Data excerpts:
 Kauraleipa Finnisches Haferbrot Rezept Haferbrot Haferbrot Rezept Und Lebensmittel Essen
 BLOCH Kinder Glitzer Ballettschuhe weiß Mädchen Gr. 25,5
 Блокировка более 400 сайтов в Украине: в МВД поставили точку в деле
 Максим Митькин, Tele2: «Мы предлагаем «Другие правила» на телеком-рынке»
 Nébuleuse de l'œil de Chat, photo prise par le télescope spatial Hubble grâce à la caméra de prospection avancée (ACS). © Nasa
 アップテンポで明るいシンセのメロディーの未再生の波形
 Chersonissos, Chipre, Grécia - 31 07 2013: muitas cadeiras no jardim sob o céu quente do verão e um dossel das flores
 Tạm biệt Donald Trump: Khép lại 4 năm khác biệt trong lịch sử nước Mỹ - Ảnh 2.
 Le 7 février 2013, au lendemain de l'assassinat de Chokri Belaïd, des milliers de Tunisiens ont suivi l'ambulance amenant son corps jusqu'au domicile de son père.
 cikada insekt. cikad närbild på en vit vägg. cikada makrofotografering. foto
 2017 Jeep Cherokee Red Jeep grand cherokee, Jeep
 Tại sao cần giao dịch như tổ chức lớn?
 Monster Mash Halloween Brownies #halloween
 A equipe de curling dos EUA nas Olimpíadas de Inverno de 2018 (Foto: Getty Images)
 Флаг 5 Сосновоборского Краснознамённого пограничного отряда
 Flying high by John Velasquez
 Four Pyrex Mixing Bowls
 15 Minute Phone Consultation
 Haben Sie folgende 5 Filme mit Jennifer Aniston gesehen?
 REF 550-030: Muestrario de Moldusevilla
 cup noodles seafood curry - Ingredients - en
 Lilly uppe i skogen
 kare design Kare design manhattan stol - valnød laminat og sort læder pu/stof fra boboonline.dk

_Work task:_ A verbatim repeat of all the entries above is the required answer.

_Answer to this exercise:_
 Kauraleipa Finnisches Haferbrot Rezept Haferbrot Haferbrot Rezept Und Lebensmittel Essen
 BLOCH Kinder Glitzer Ballettschuhe weiß Mädchen Gr. 25,5
 Блокировка более 400 сайтов в Украине: в МВД поставили точку в деле
 Максим Митькин, Tele2: «Мы предлагаем «Другие правила» на телеком-рынке»
 Nébuleuse de l'œil de Chat, photo prise par le télescope spatial Hubble grâce à la caméra de prospection avancée (ACS). © Nasa
 アップテンポで明るいシンセのメロディーの未再生の波形
 Chersonissos, Chipre, Grécia - 31 07 2013: muitas cadeiras no jardim sob o céu quente do verão e um dossel das flores
 Tạm biệt Donald Trump: Khép lại 4 năm khác biệt trong lịch sử nước Mỹ - Ảnh 2.
 Le 7 février 2013, au lendemain de l'assassinat de Chokri Belaïd, des milliers de Tunisiens ont suivi l'ambulance amenant son corps jusqu'au domicile de son père.
 cikada insekt. cikad närbild på en vit vägg. cikada makrofotografering. foto
 2017 Jeep Cherokee Red Jeep grand cherokee, Jeep
 Tại sao cần giao dịch như tổ chức lớn?
 Monster Mash Halloween Brownies #halloween
 A equipe de curling dos EUA nas Olimpíadas de Inverno de 2018 (Foto: Getty Images)
 Флаг 5 Сосновоборского Краснознамённого пограничного отряда
 Flying high by John Velasquez
 Four Pyrex Mixing Bowls
 15 Minute Phone Consultation
 Haben Sie folgende 5 Filme mit Jennifer Aniston gesehen?
 REF 550-030: Muestrario de Moldusevilla
 cup noodles seafood curry - Ingredients - en
 Lilly uppe i skogen
 kare design Kare design manhattan stol - valnød laminat og sort læder pu/stof fra boboonline.dk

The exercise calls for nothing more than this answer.